Cost Fears, Misinformation, and Mistrust Cause Some Patients to Avoid Clinical Trials
Over the last few years there has been an increased focus on diversity in clinical trials.
Historically, clinical trial enrollees have been mostly white males—unless the condition affected mainly women. Then the participants would be mainly female, but most were still white.
To this day, few clinical trials include many people who identify as Black, Indigenous, or other People of Color (BIPOC), if any at all. While the medical community now acknowledges the problem, cultural barriers and distrust prevent many members of the BIPOC community from enrolling in clinical trials for pancreatic cancer as well as other cancers and noncancer conditions.
Kasi stresses that this challenge gives medical professionals and researchers an opportunity to get more people of color on board.
“Education and guidance from the physician and clinical trial investigators is helpful in overcoming distrust and low enrollment in certain communities,” Kasi says. “I try to have my patients talk with other people of color who’ve done clinical trials as well as physicians of color.”

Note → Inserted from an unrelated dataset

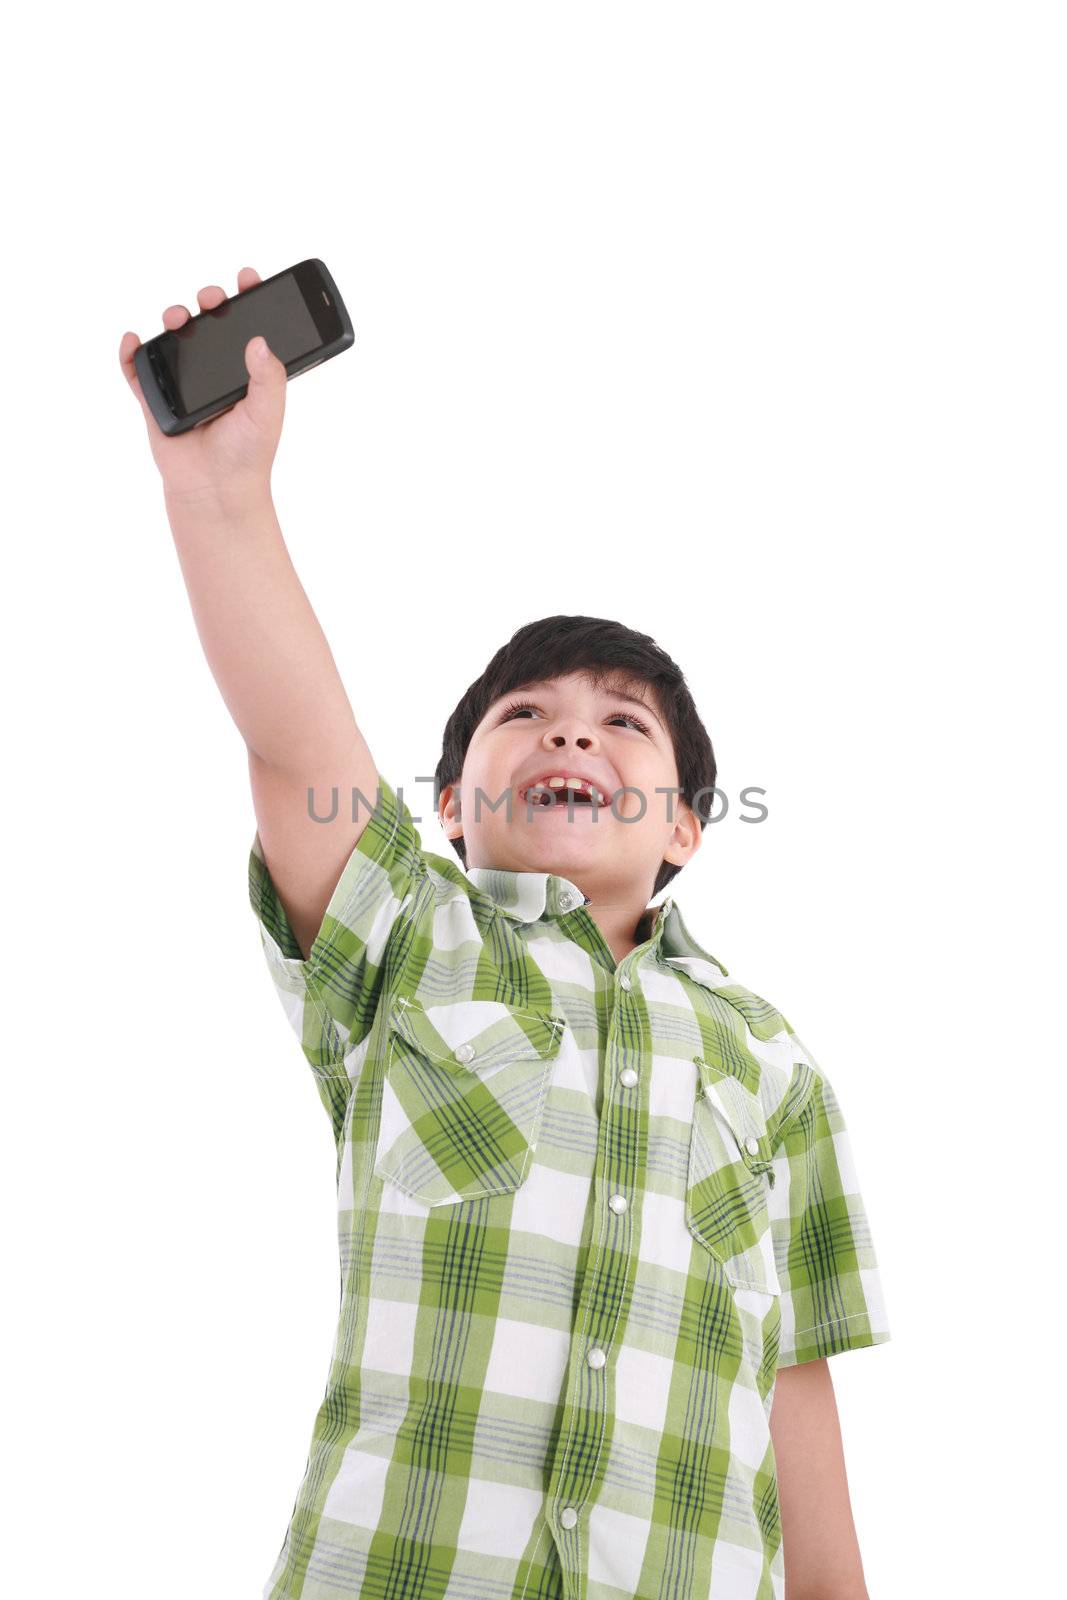 boy holding up cellular phone and smiling by dacasdo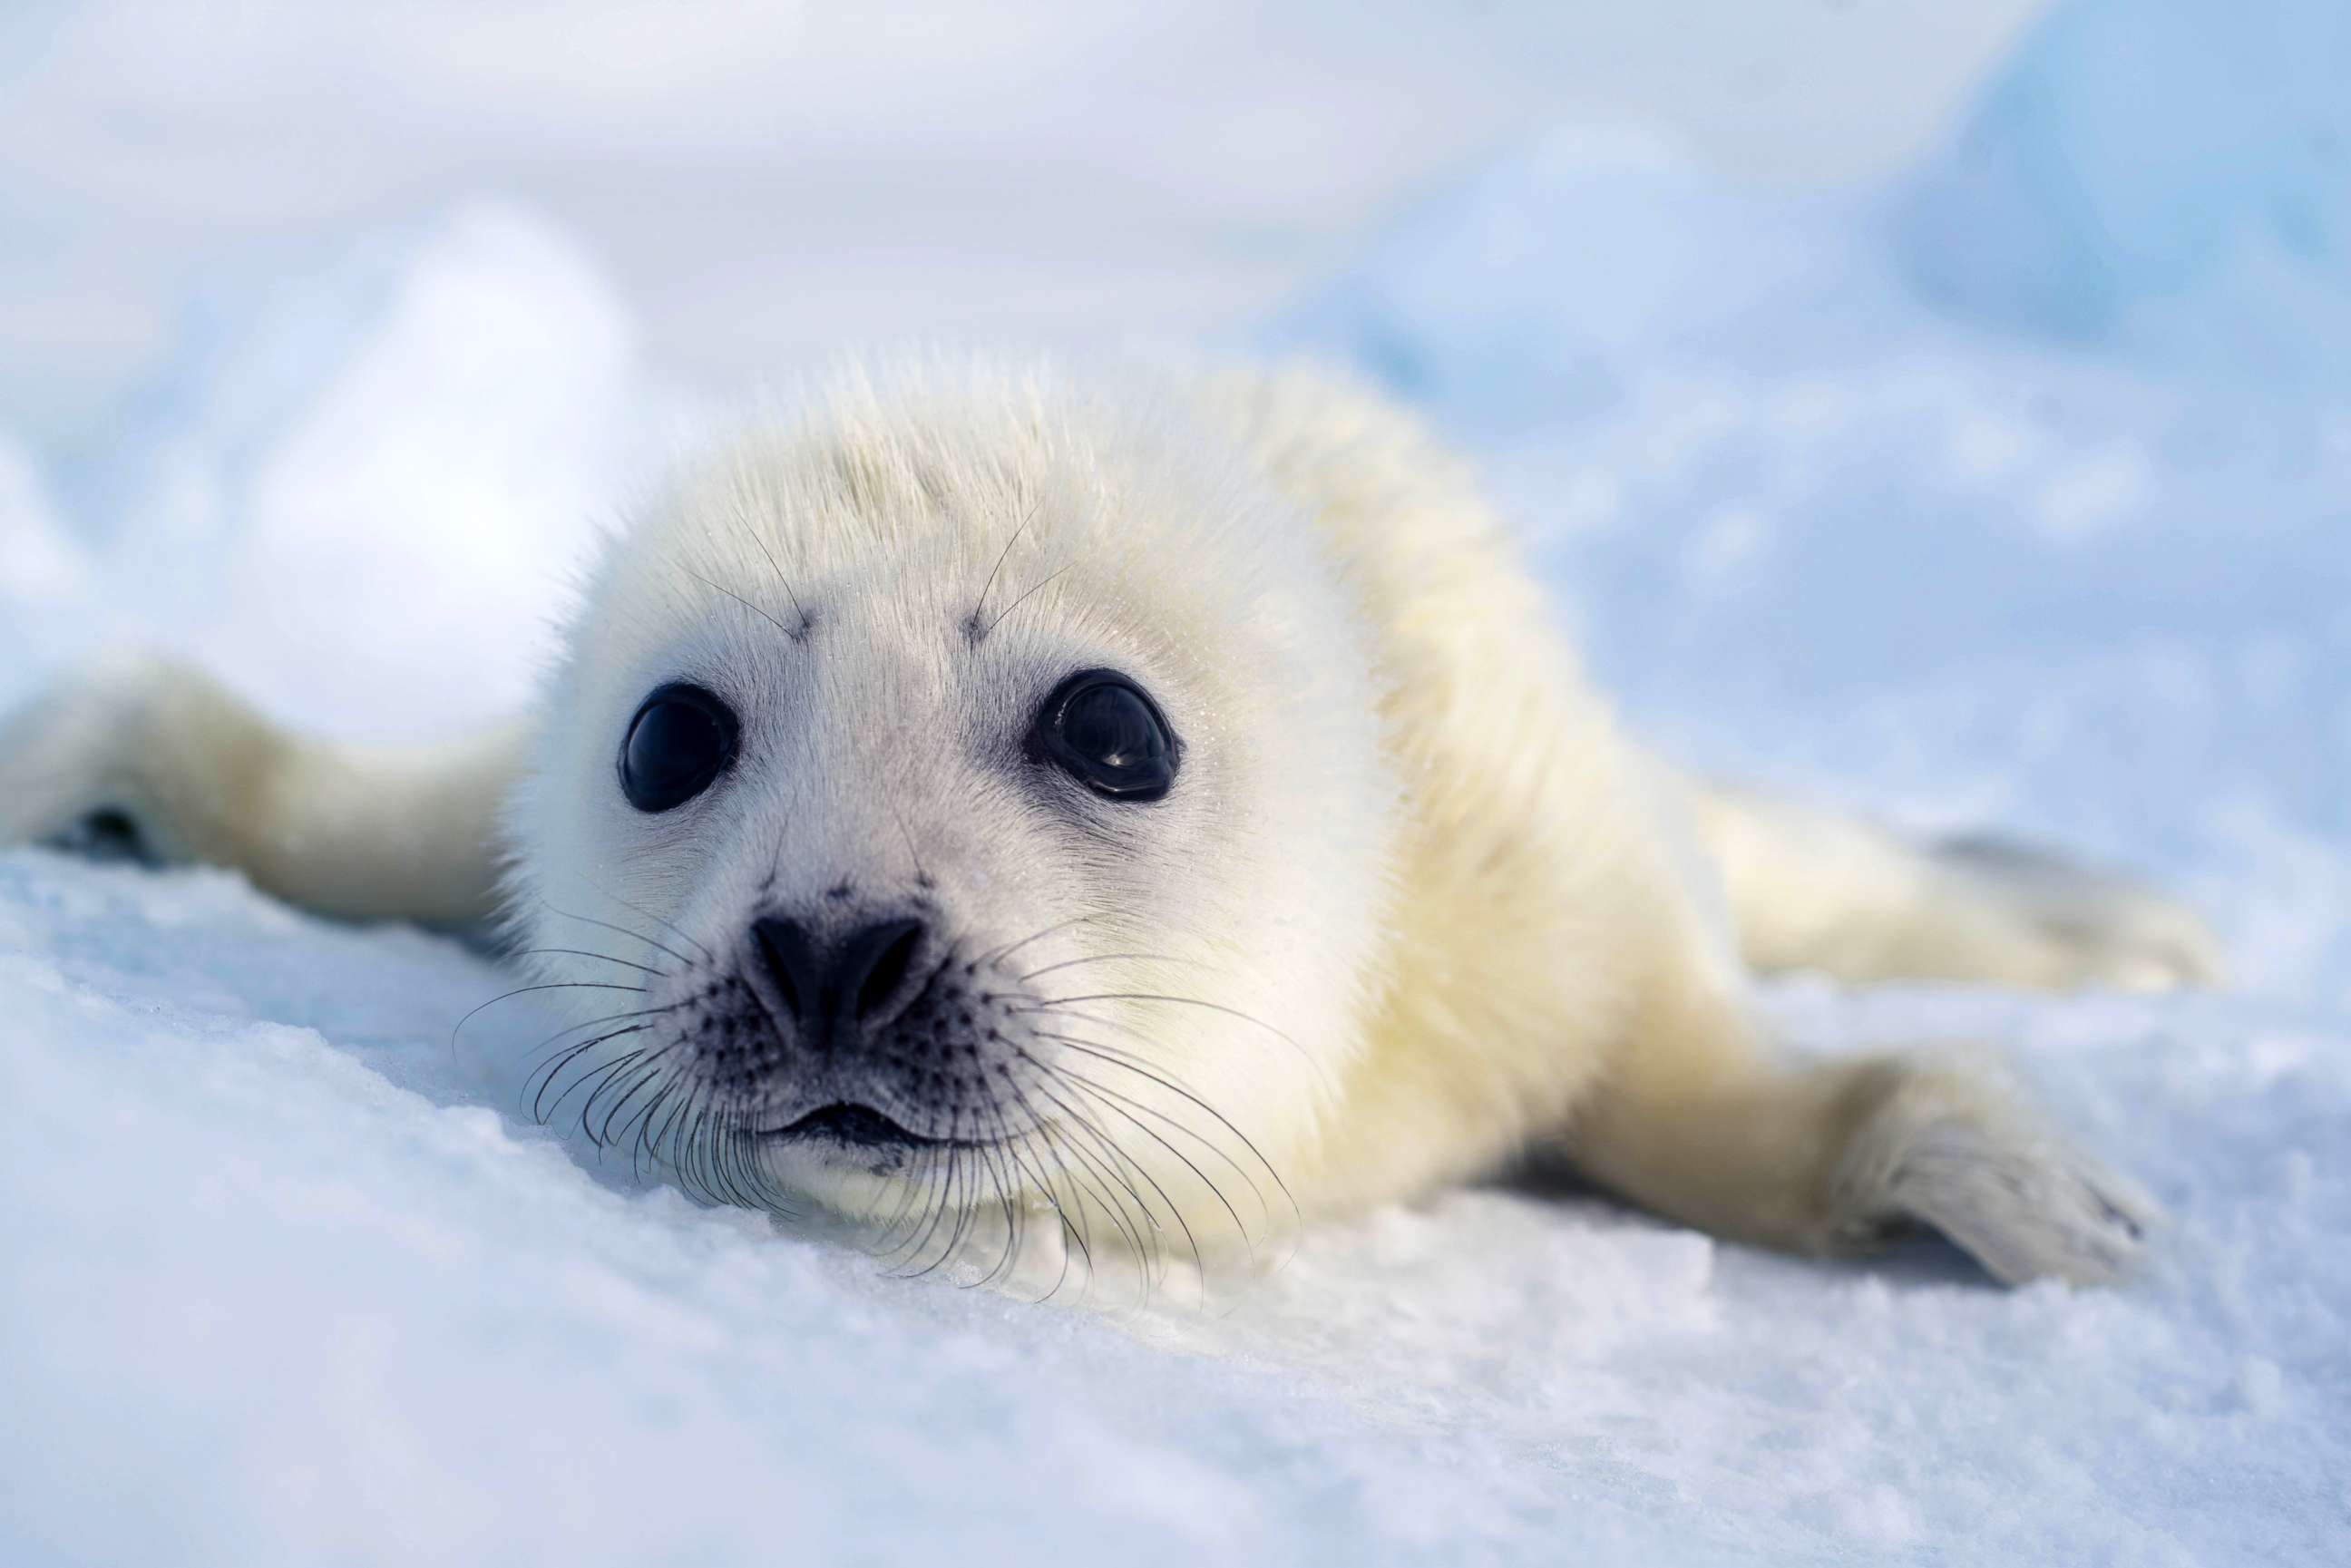 Extraordinary Earth: Here's how harp seal pups rely on ice floes in  northwest Atlantic - ABC News

Many patients may avoid clinical trials because they fear the financial costs. Kasi explains that in clinical trials the costs are covered for treatments and any special tests required as part of the trial. Some trials may even pay for travel expenses, including mileage. But participants may have extra clinic visits and lab work. Kasi says that clinical trials may require more doctor visits, but it’s a small price to pay for extending your life.